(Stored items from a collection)
■ ■ ■ ■ ■ ■ ■

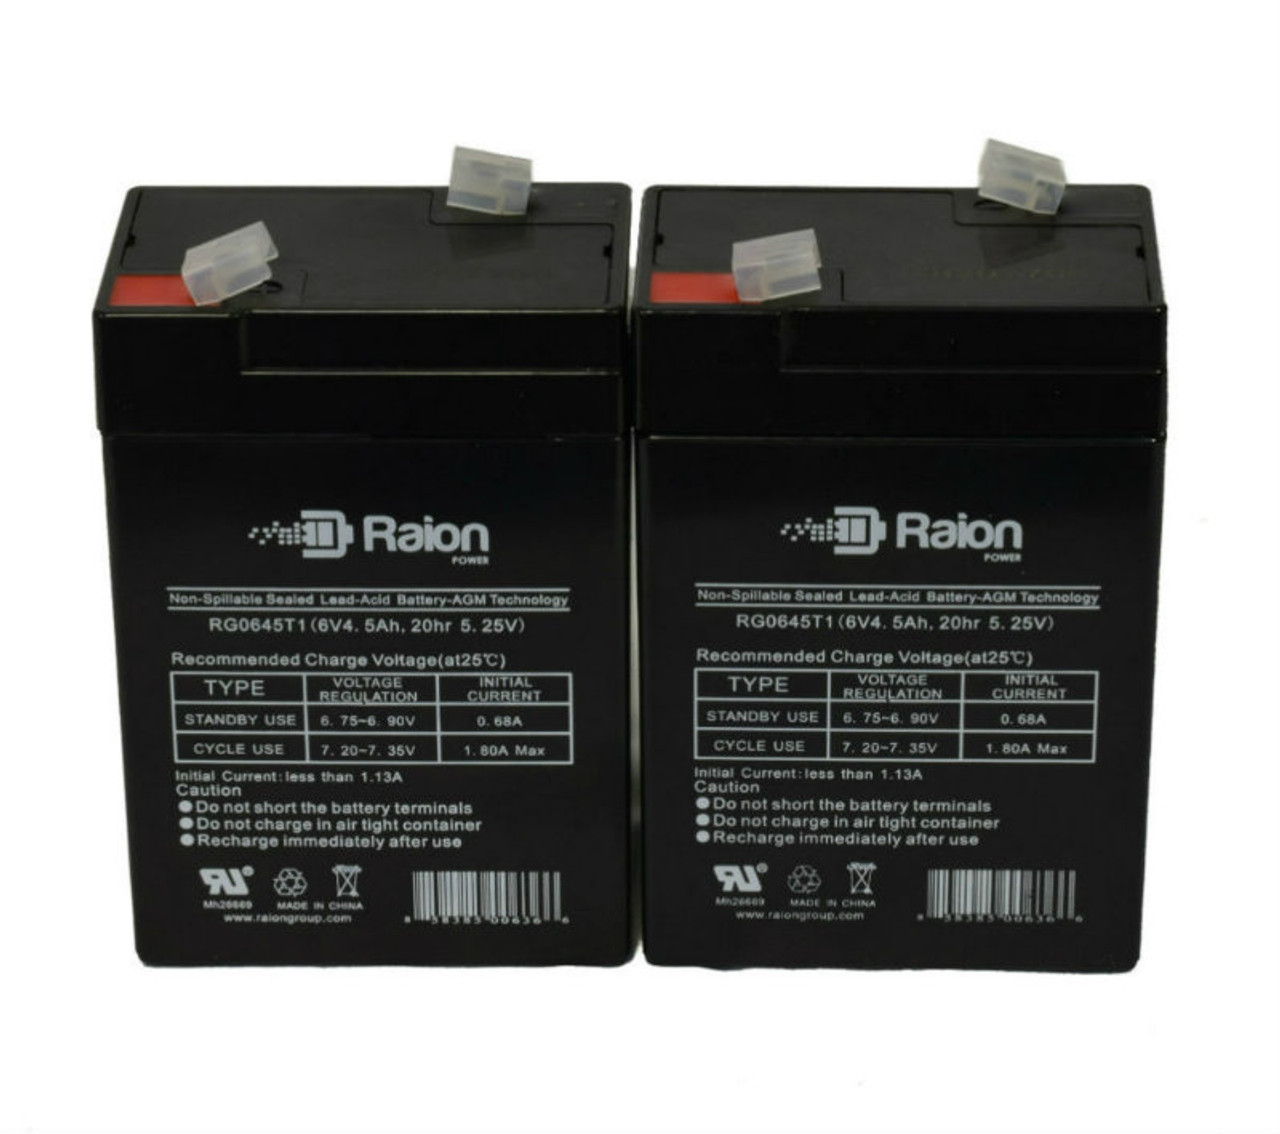 Raion Power 6 Volt 4.5Ah RG0645T1 Replacement Battery for CGB CB640 - 2 Pack
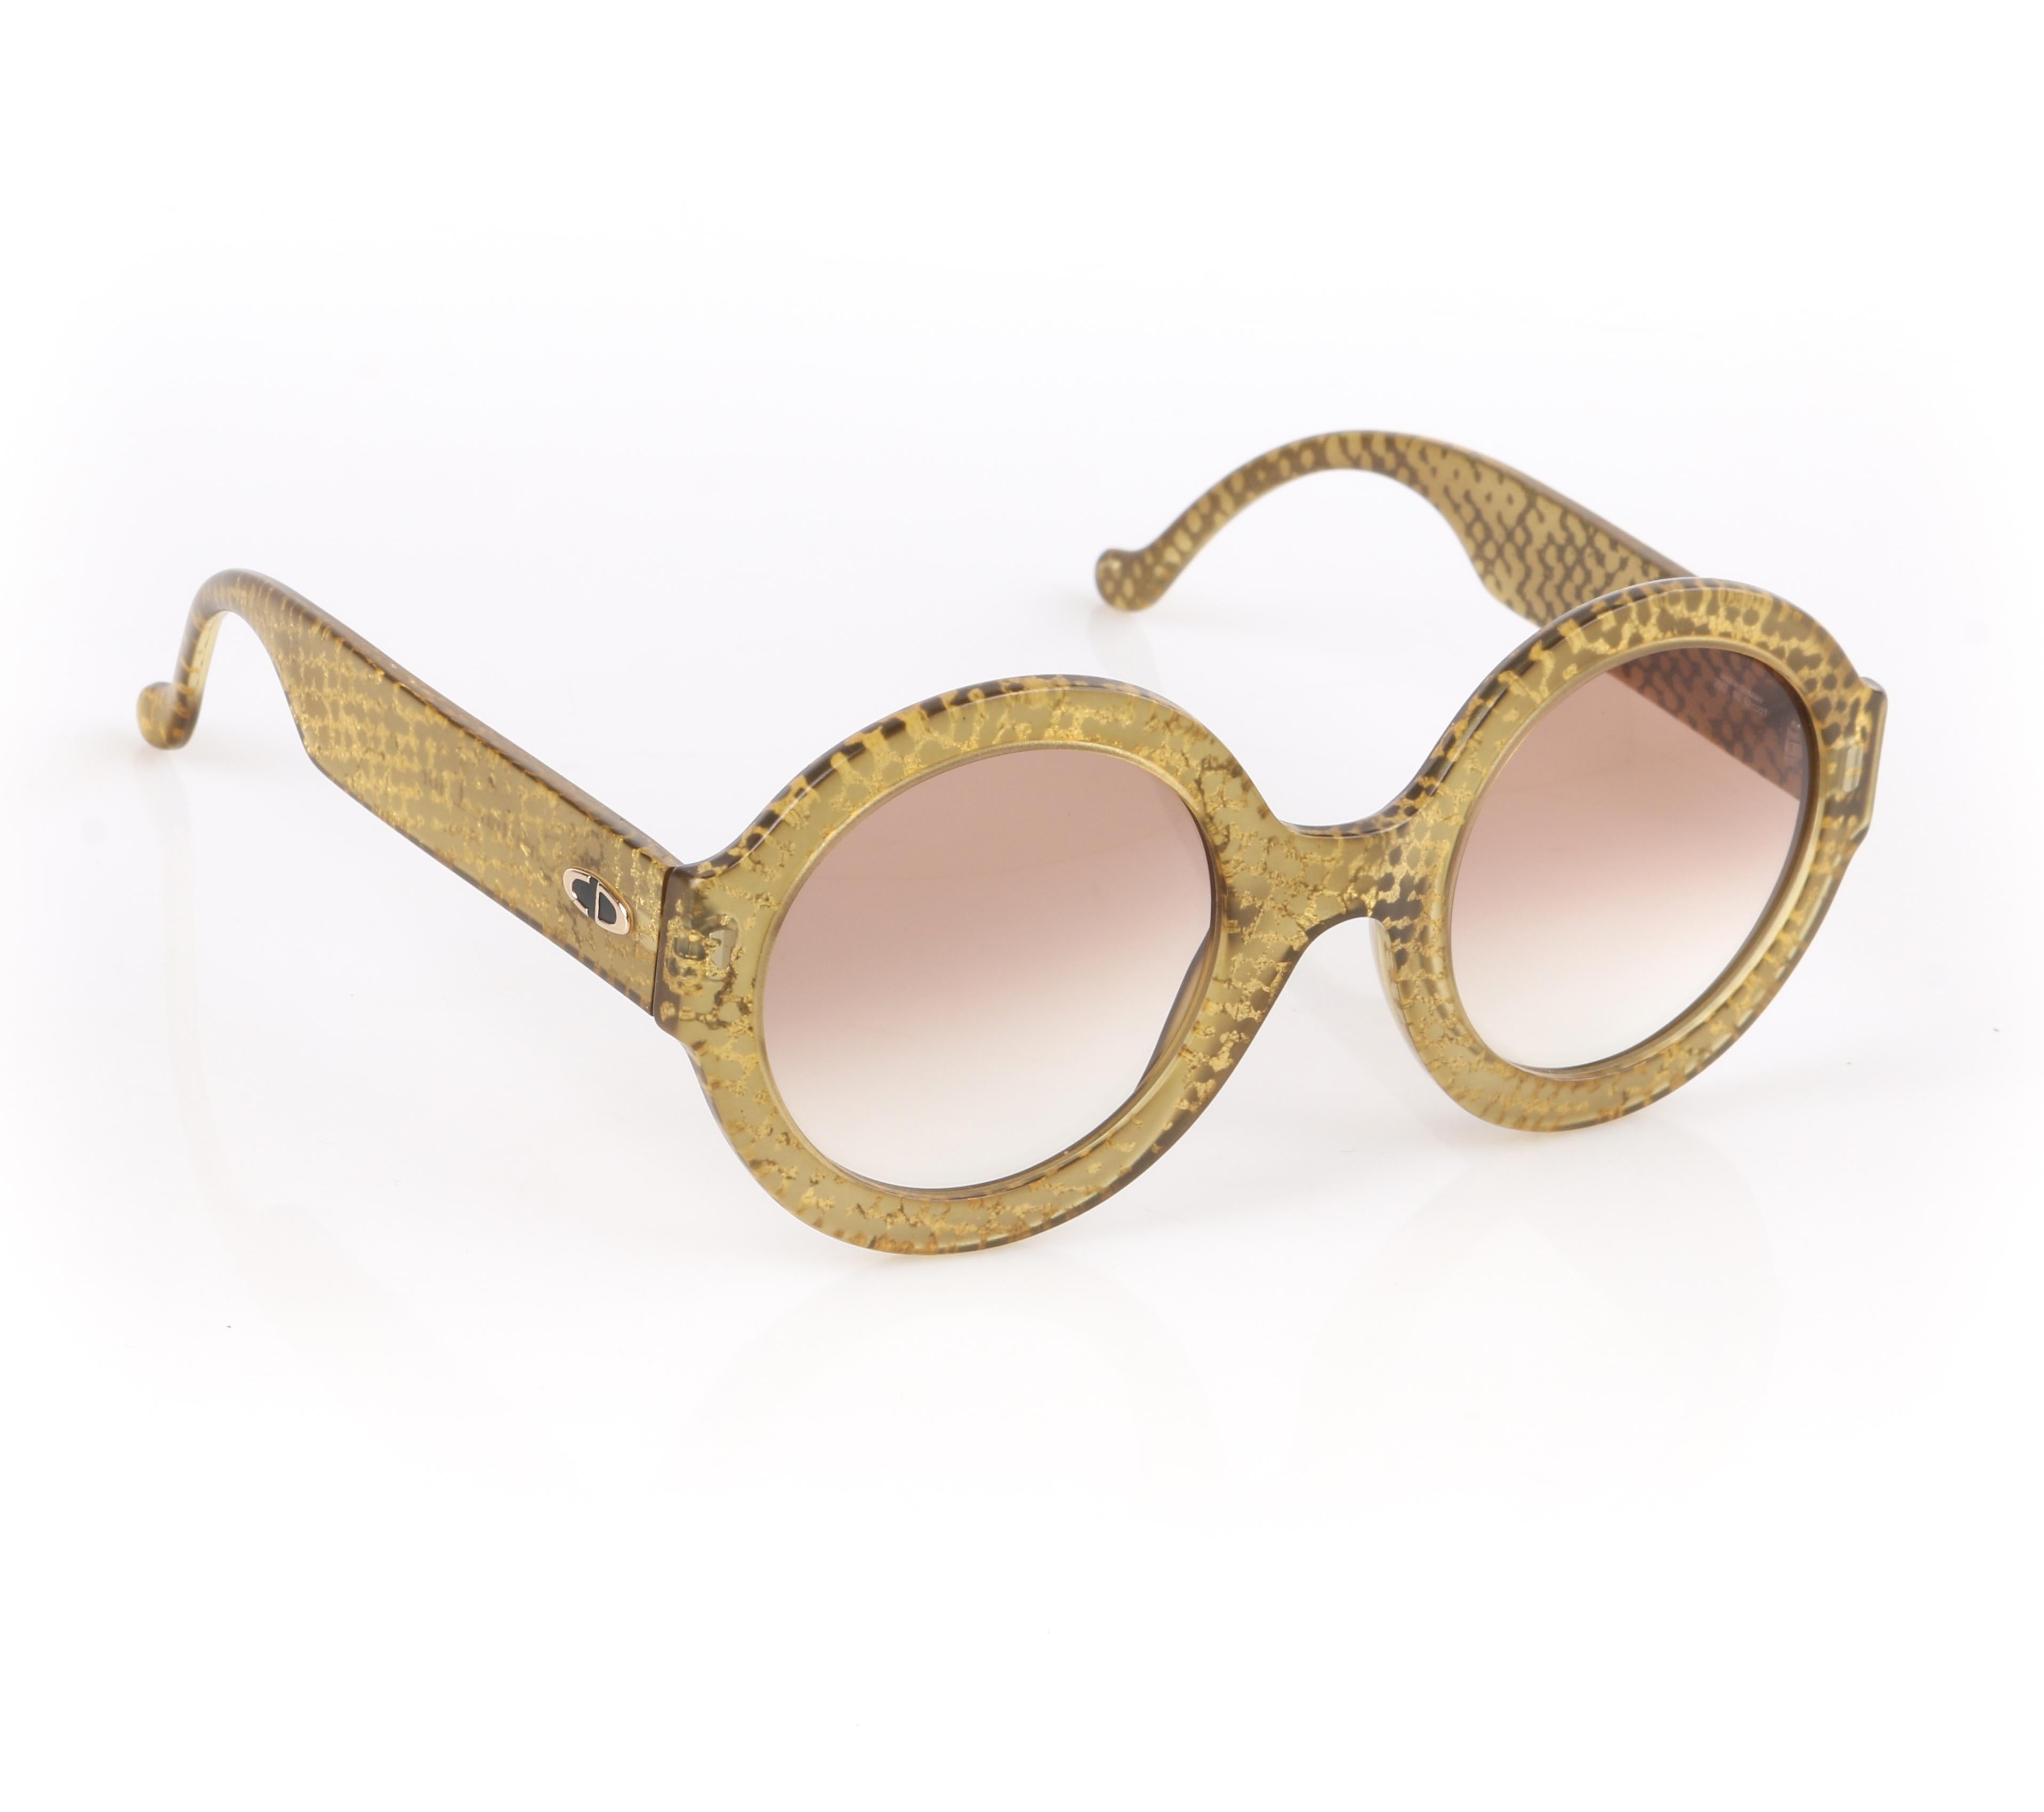 DESCRIPTION: CHRISTIAN DIOR S/S 1992 Translucent Gold Dot Round Optyl Frame Sunglasses 2567
 
Brand / Manufacturer: Christian Dior
Collection: Spring / Summer 1992 Designed by Gianfranco Ferré
Style: Round frame sunglasses
Color(s): Shades of gold,

■ ■ ■ ■ ■ ■ ■

### About this task:
Transcribe each of the records above precisely, with no pictures in the copy.

### Written response:
 Raion Power 6 Volt 4.5Ah RG0645T1 Replacement Battery for CGB CB640 - 2 Pack
 DESCRIPTION: CHRISTIAN DIOR S/S 1992 Translucent Gold Dot Round Optyl Frame Sunglasses 2567
 
Brand / Manufacturer: Christian Dior
Collection: Spring / Summer 1992 Designed by Gianfranco Ferré
Style: Round frame sunglasses
Color(s): Shades of gold,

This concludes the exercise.